BIG LIST: Olympic 'Games'
Between the rabid excitement over Olympic badminton, dressage, archery and table tennis competitions, most of us won’t be getting much sleep for the next three weeks. But it wasn’t always like this...
Thursday 2 August 2012, 12:02PM
■ Steepleswim: When the Paris Olympics came around at the turn of the century, the modern Games were still in their infancy, and several new ‘events’ managed to sneak in the back door and make fools of themselves on the international dance floor. The ‘obstacle swimming race’ was one such event. It was almost like an ordinary swimming race – only slightly more ‘interesting’, thanks to three bizarre obstacles placed randomly around the course.
First, participants showed off their stripping prowess by climbing a pole and sliding back down. Then they swam out to a flotilla of boats, which they had to climb up on, and then jump off. Then they swam under some boats to the finish line. Of course, no swimming pools at the time were big enough to play a good game of miscellaneous aquatic douchebaggery, so they had to hold the event in the River Seine, which was also the outlet for the Paris sewer system overflow.

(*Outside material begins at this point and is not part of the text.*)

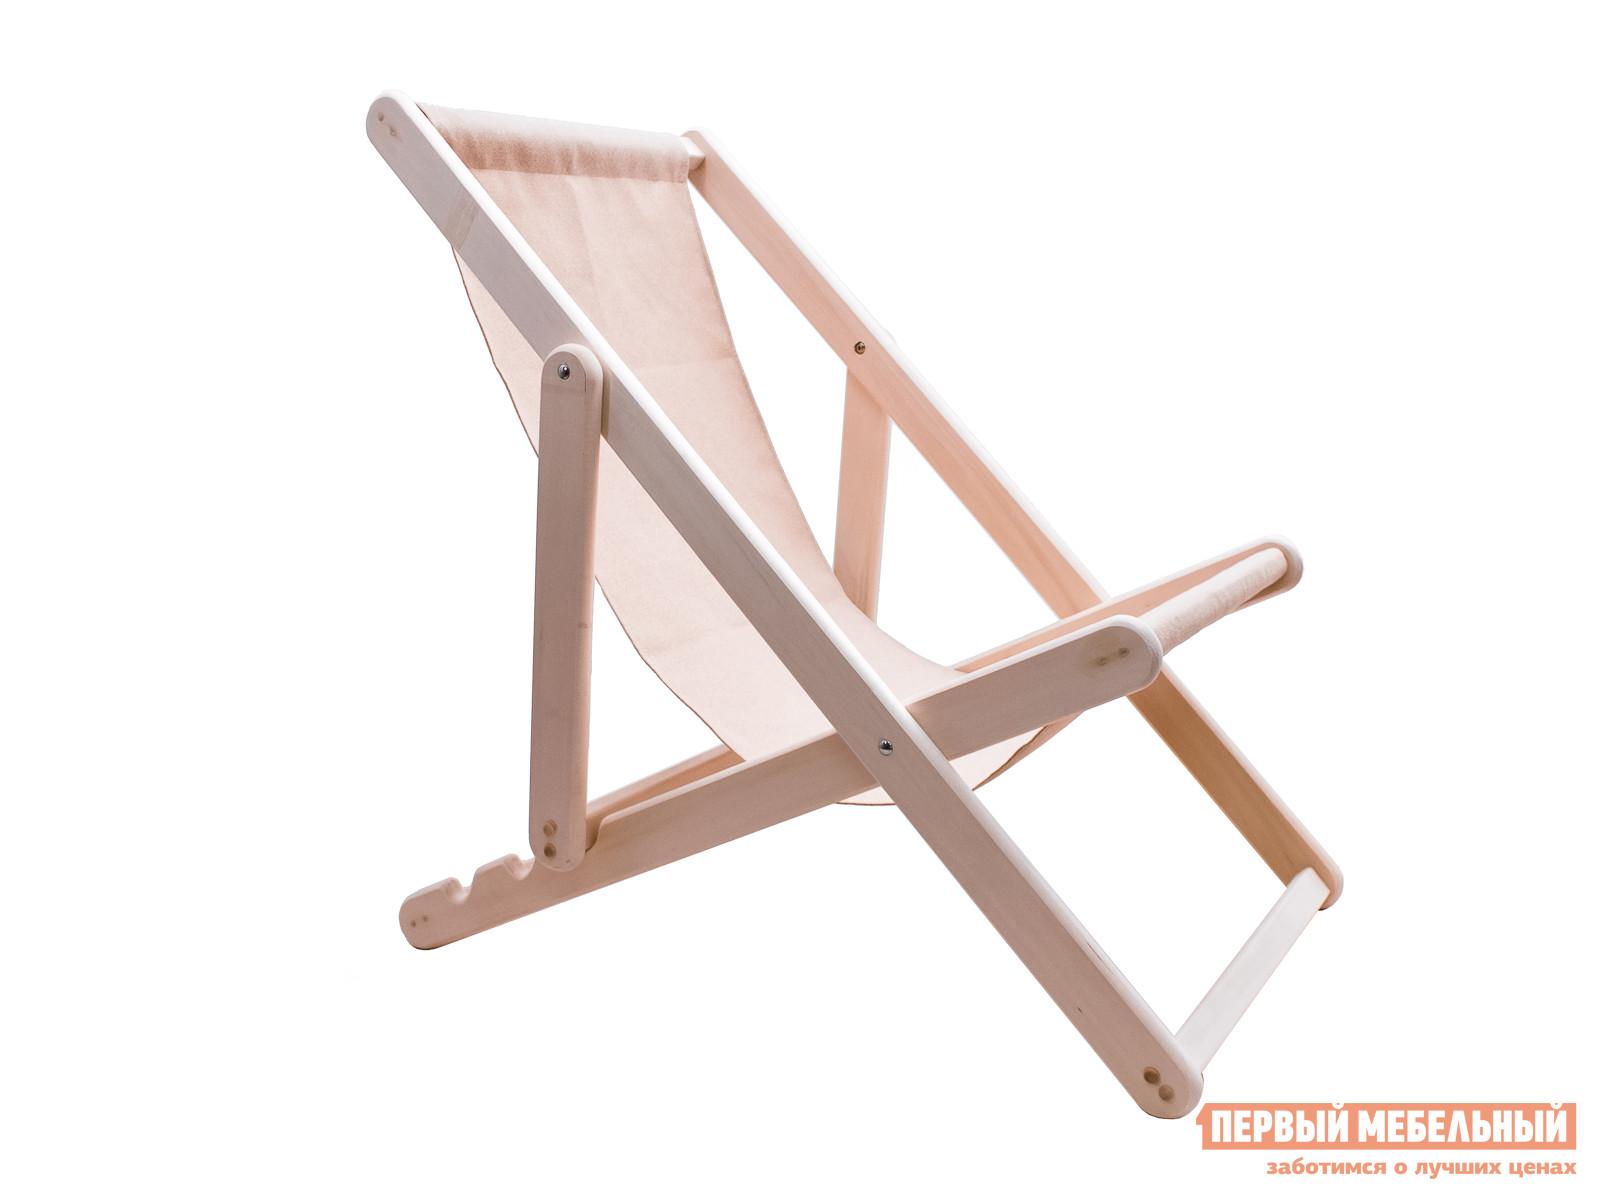 Шезлонг ММ Хедвиг ЛипаЛежаки и шезлонги<br>Габаритные размеры ВхШхГ 1000x650x870 мм. Шезлонг из массива липы с тканевым сиденьем-гамаком придется по вкусу приверженцам экостиля и традиционных форм.  Его конструкция позволяет принять максимально расслабленное положение, в котором вы сможете принимать солнечные ванны, сидя на террасе или на территории загородного участка, опустив ноги в шелковистую траву. Можно отрегулировать положение спинки — специальные вырезы в задней части основания позволяют выбрать из двух положений.  Лежак складывается в компактные размеры — 1400 х 650 х 700 мм. Обратите внимание, что дерево, из которого изготовлен шезлонг, ничем не обработано.  Благодаря этому, вы можете не беспокоиться о выделении вредных испарений и полностью насладиться теплом и ароматом натуральной липы.  Но все же, если вы собираетесь использовать изделие на улице, рекомендуется обработать деревянные части составом, защищающим от влаги, чтобы продлить его срок службы. Также обращаем ваше внимание на то, что цвет тканевой части выбрать нельзя.<br><br>Цвет: Светлое дерево<br>Высота мм: 1000<br>Ширина мм: 650<br>Глубина мм: 870<br>Кол-во упаковок: 1<br>Форма поставки: В разобранном виде<br>Срок гарантии: 3 месяца<br>Тип: Складные<br>Тип: Трансформер<br>Тип: Кресла-шезлонги<br>Назначение: Для бассейна<br>Назначение: Для дачи<br>Назначение: Пляжные<br>Назначение: Для бани<br>Материал: Дерево<br>Материал: Ткань<br>Материал: Натуральное дерево<br>Размер: Одноместные
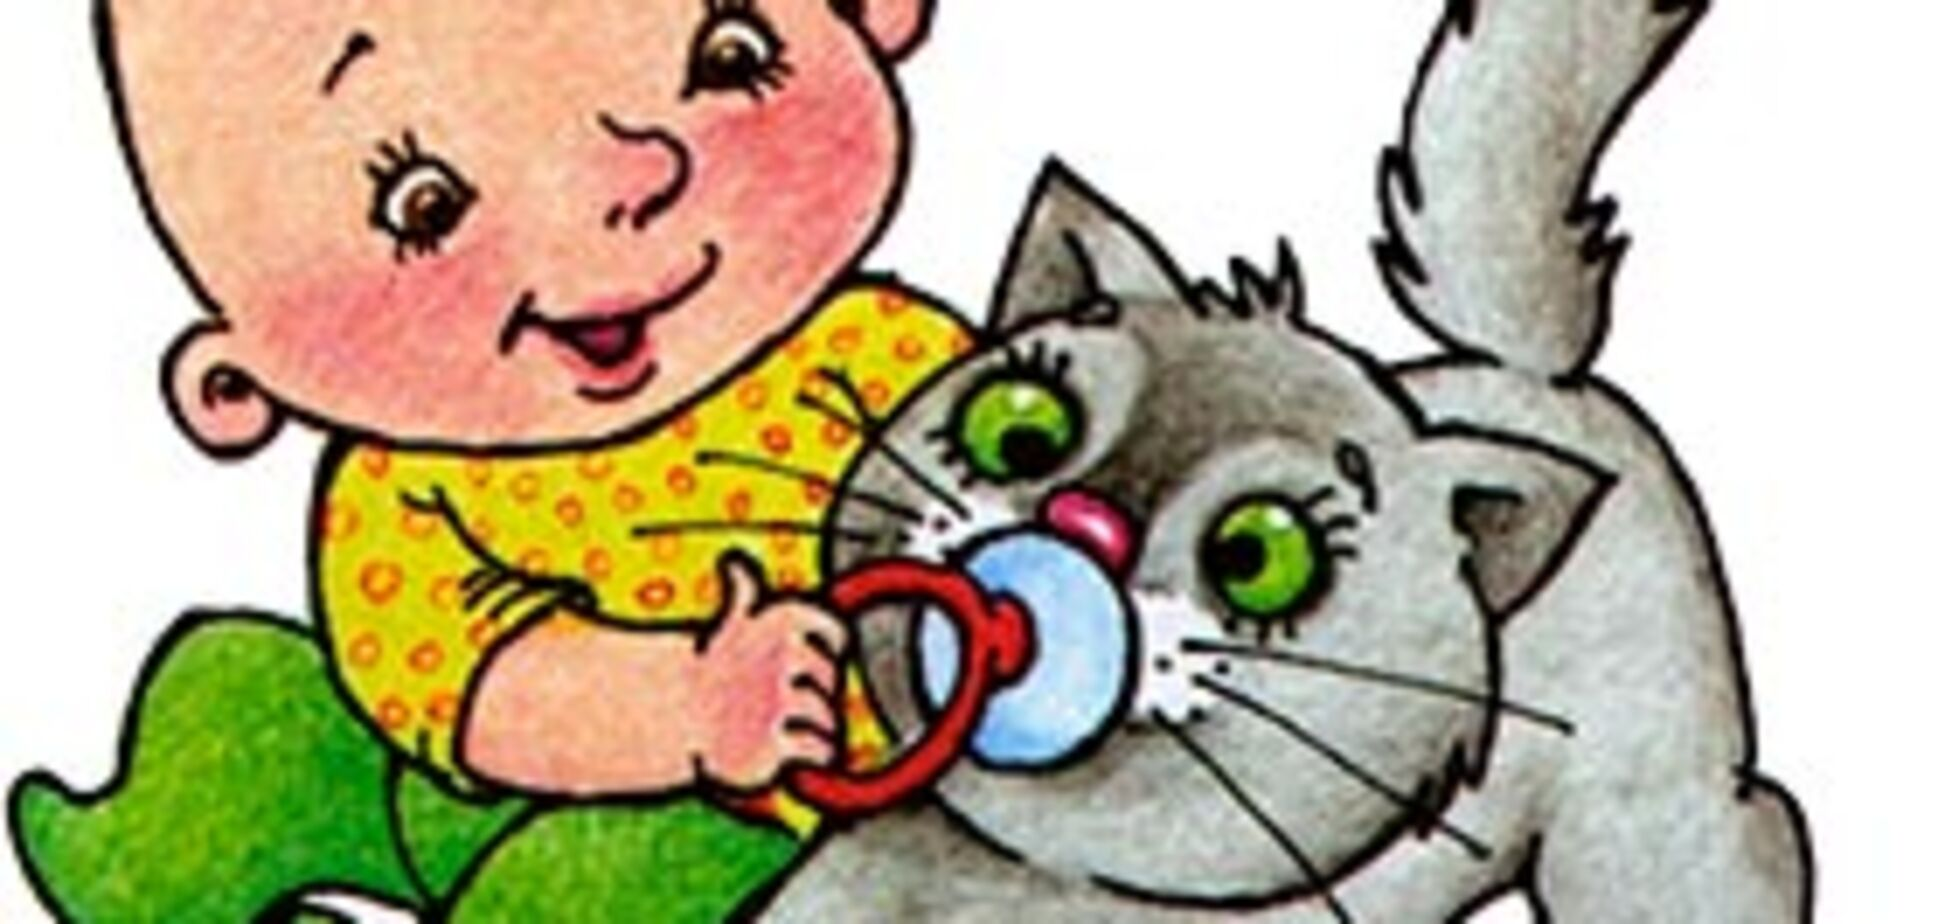 Соска змінює орієнтацію малюка? Яку маячню несуть з приводу пустушок

Nice
■ Dive bomber: Remember when you were a kid and you’d get so excited at the mere thought of a swimming pool you’d just run and jump in as hard as you could? Well, back in 1904 at the St Louis Games, you’d have a shiny medal waiting for you when you came up for air. The ‘plunge for distance dive’ had two simple rules.
1) Jump in the water; and 2) glide under the water as far as possible without moving your arms or legs. So basically long jump, but with more drowning potential, and with less being able to see the athletes competing. Participant’s leaps were measured after either 60 seconds had passed, or once their bodies had broken the surface. No wonder the world plunged into war a decade later if this is what passed as entertainment.
■ Catch 22: Pelota is a game played by people standing facing each other, separated by a wall, throwing a ball back and forth until one competitor finally drops it, making it the only time the childhood game of catch has ever been an Olympic sport. As well as being generally tedious to play unless you’re six years old or have consumed so much LSD that you’ve got the brain function of a six-year-old, the game was also rather region-specific: Pelota is played only in Spain and France.
In 1900, only two teams showed up to the games. The countries? Spain and France, naturally. A single game was played. The score? No one knows: The officials didn’t even bother to show up.
■ Torpedoed: When looking at the list of events, it’s pretty clear the 1900 Olympics were little more than a prank played by the French on the rest of the world. As evidence of that claim: Underwater swimming. Pretty self explanatory, really: competitors swam underwater for a set distance, whoever got there first without breathing wins. And it’s even more boring than what you’re imagining.
After all, with no waterproof cameras in those days, watching the event consisted of staring at a murky river for a few minutes, counting your blessings that you weren’t stuck watching a pelota match.
■ Flying solo: Solo synchronised swimming. It’s actually hard to make any more jokes about this sport, considering the title itself is probably the most spectacularly self-contained joke ever devised.
The sport amazingly continued in two more Olympic games after its debut in 1984, before being dropped after the 1992 Olympics in Barcelona. Listed reasons for the cut: low spectator appeal, confusing scoring system and the distracting, raucous laughter of the judges as they watched someone put on their serious face and then dance alone in a pool for two minutes.